◆ Input for this task
****

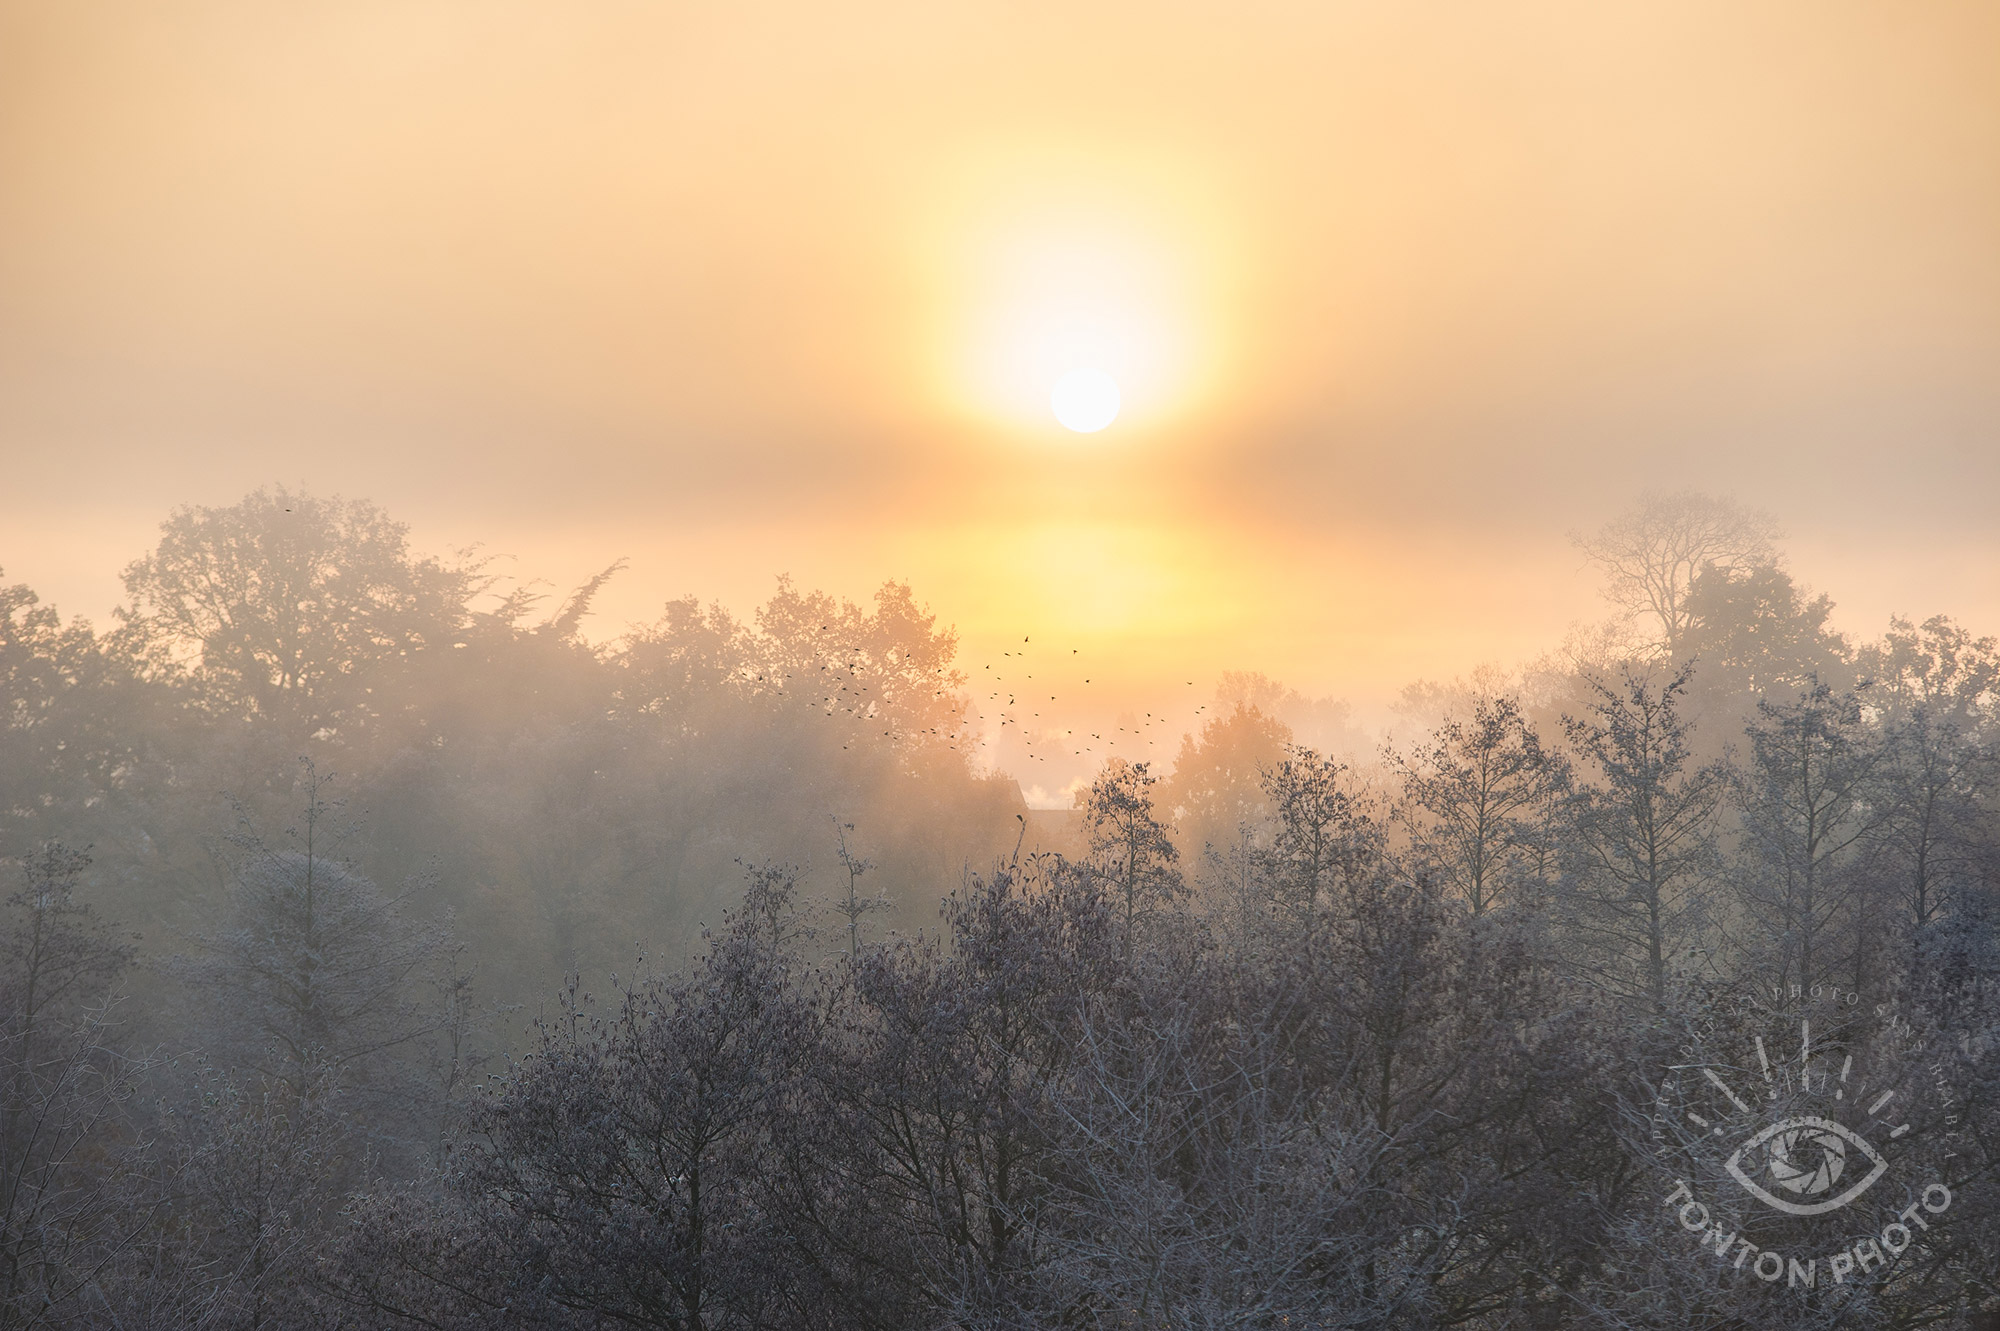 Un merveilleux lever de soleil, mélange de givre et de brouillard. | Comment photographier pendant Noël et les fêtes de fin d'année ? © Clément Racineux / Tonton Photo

****

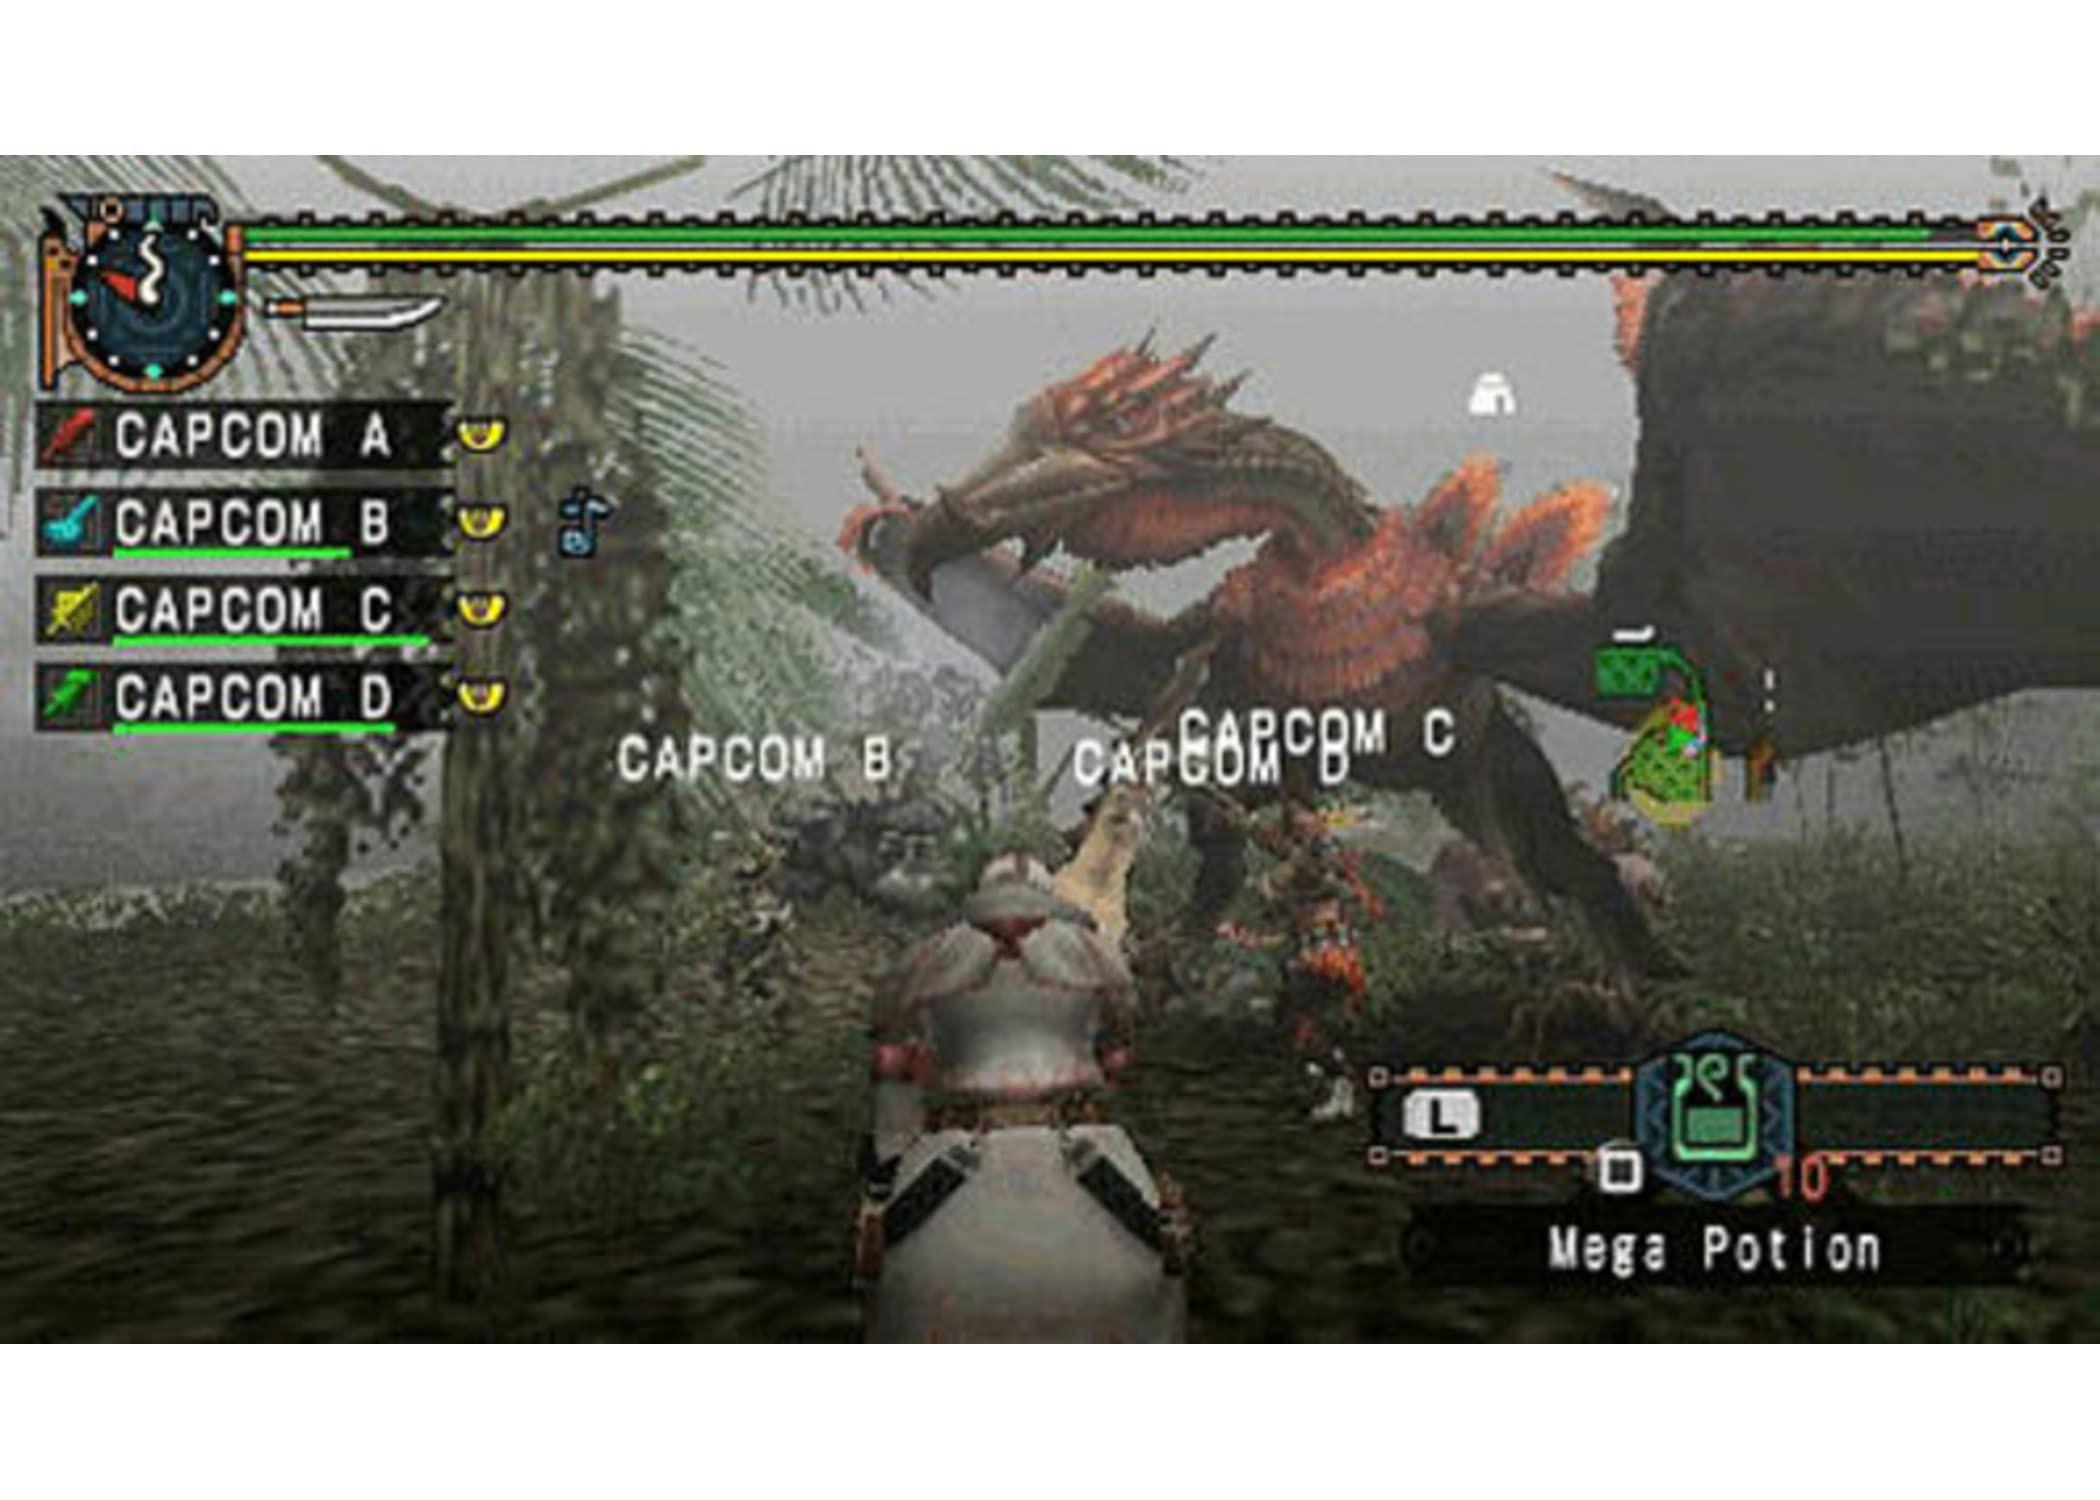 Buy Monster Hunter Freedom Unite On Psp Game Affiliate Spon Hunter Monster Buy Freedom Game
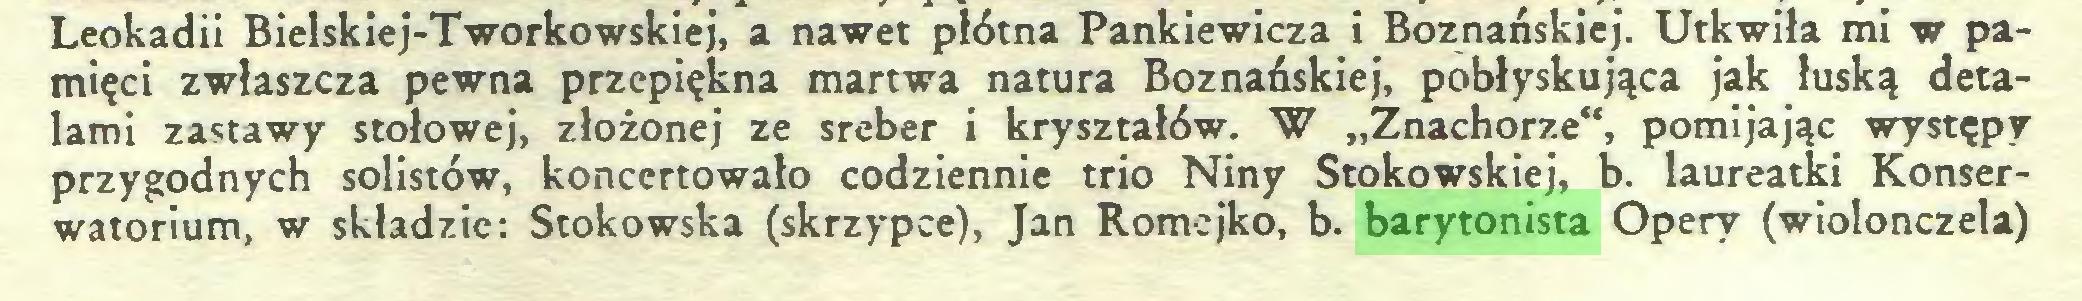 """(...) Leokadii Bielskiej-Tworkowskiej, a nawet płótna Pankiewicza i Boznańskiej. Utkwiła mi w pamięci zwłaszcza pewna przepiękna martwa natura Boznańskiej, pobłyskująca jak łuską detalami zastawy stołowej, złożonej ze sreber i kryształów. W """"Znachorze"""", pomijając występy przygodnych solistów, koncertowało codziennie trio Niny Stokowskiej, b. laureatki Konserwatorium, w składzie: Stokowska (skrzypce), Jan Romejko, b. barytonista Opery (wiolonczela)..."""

****

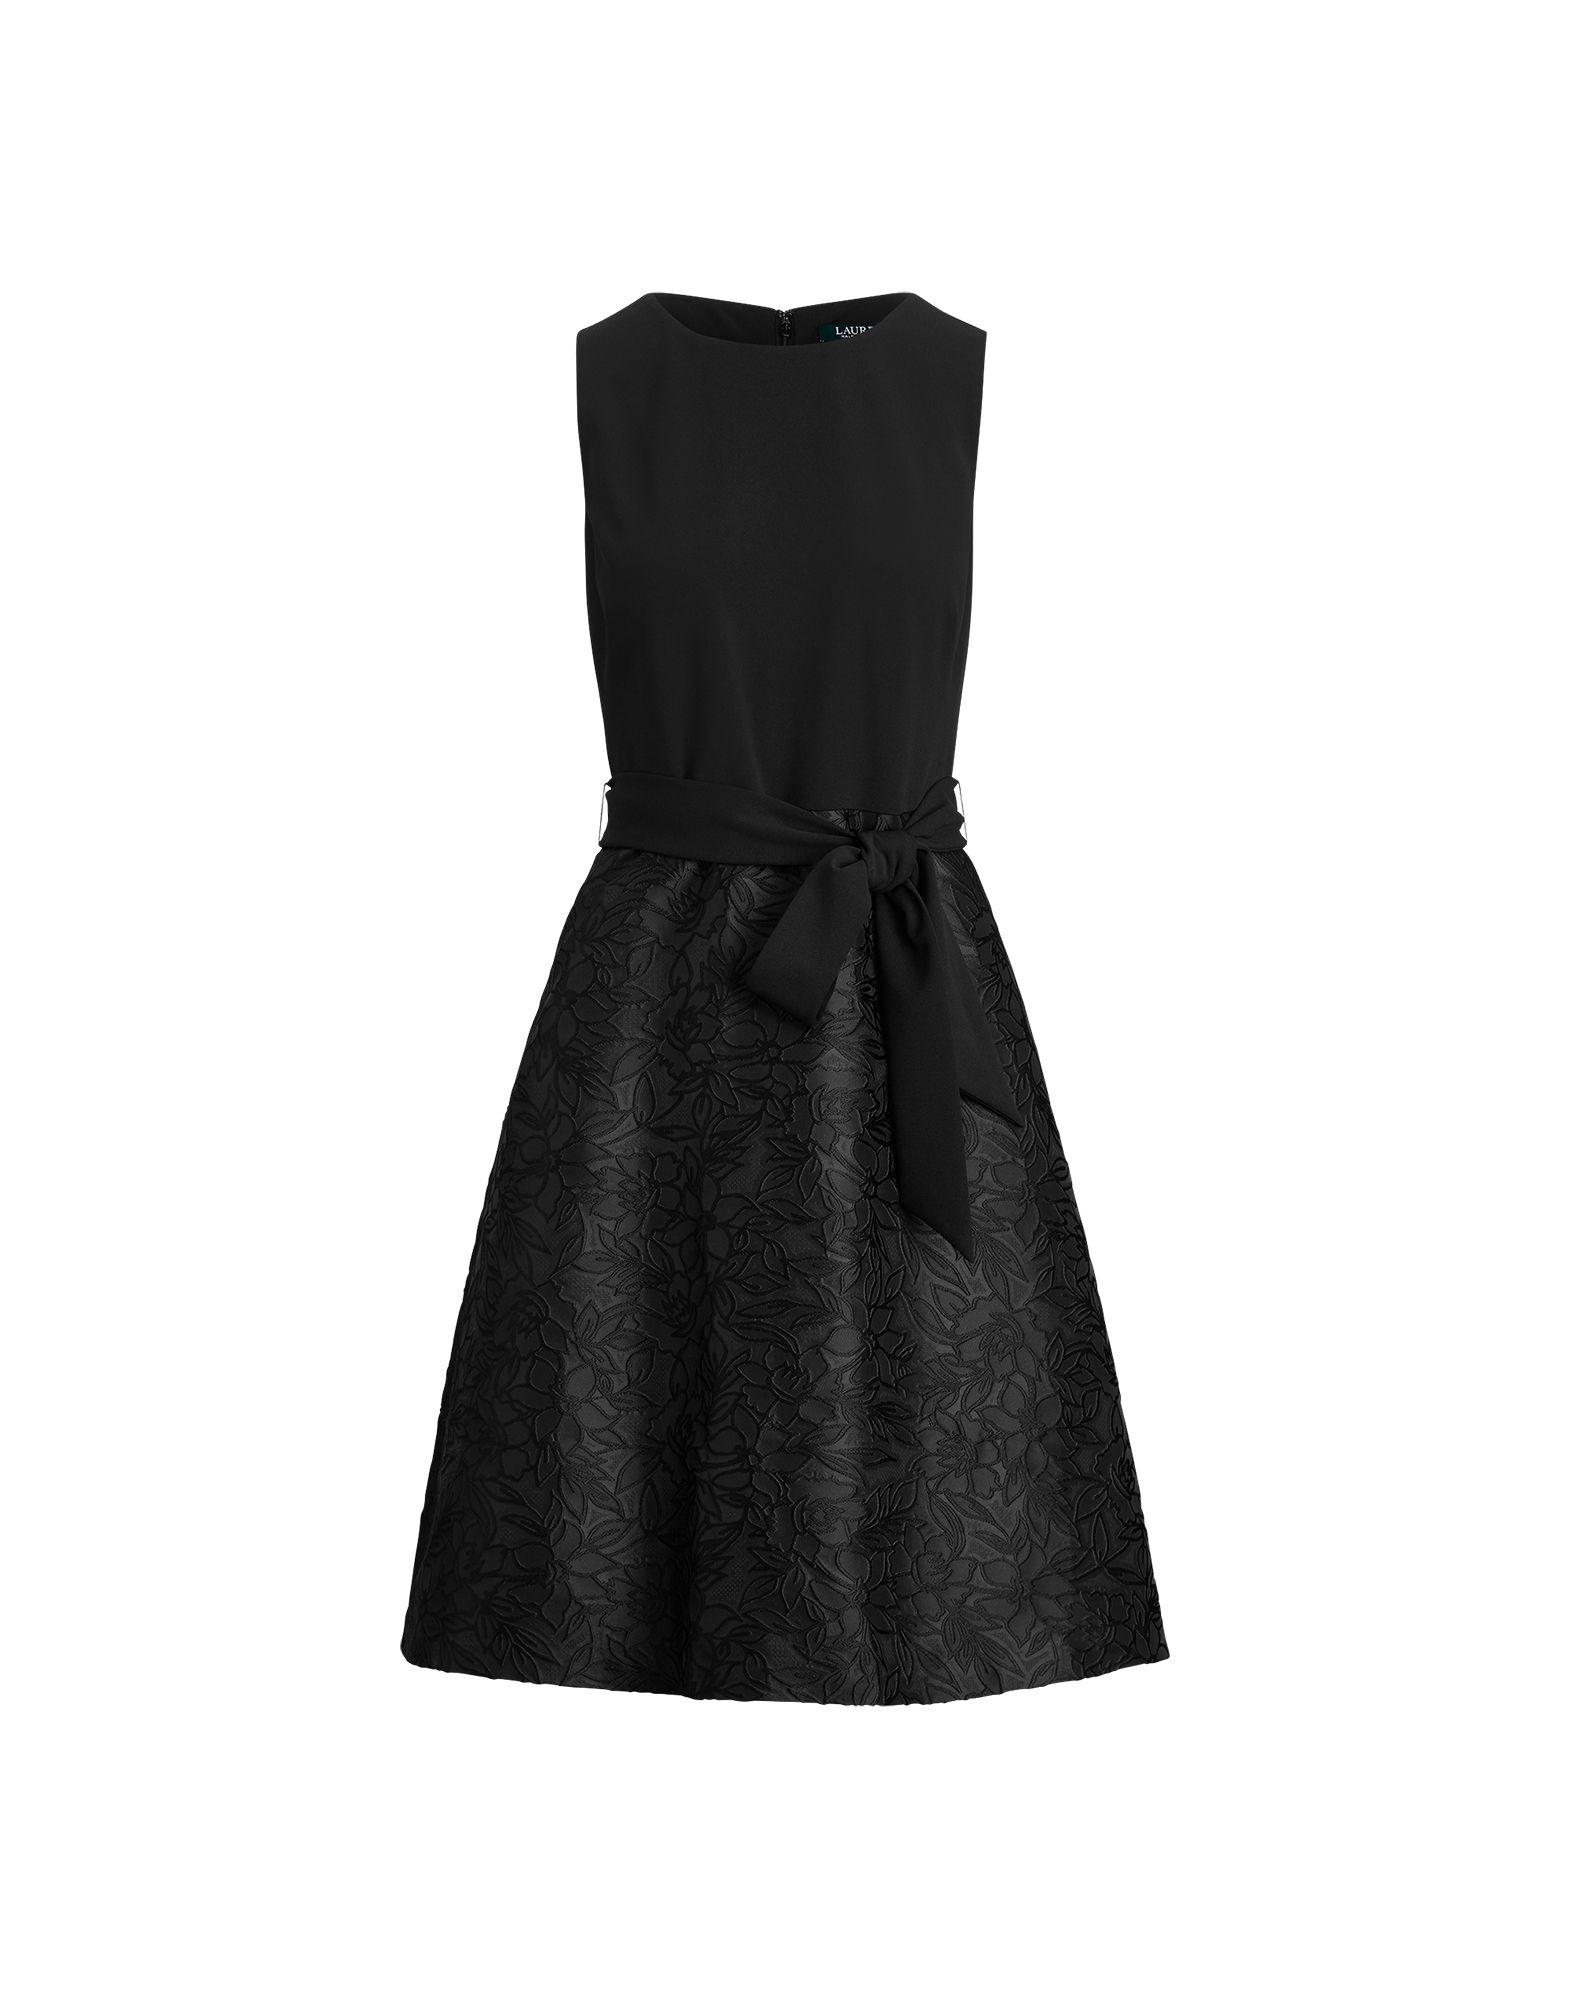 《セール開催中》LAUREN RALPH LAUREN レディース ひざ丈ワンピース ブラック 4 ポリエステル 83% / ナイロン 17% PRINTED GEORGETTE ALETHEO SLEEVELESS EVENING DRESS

****

◆ Prompt
Would you transcribe the lines above exactly, going from the line bearing "Buy Monster Hunter" through the line bearing "Leokadii Bielskiej-Tworkowskiej, a", and drop the pictures from the copy?

◆ Result for this exercise
 Buy Monster Hunter Freedom Unite On Psp Game Affiliate Spon Hunter Monster Buy Freedom Game
 """(...) Leokadii Bielskiej-Tworkowskiej, a nawet płótna Pankiewicza i Boznańskiej. Utkwiła mi w pamięci zwłaszcza pewna przepiękna martwa natura Boznańskiej, pobłyskująca jak łuską detalami zastawy stołowej, złożonej ze sreber i kryształów. W """"Znachorze"""", pomijając występy przygodnych solistów, koncertowało codziennie trio Niny Stokowskiej, b. laureatki Konserwatorium, w składzie: Stokowska (skrzypce), Jan Romejko, b. barytonista Opery (wiolonczela)..."""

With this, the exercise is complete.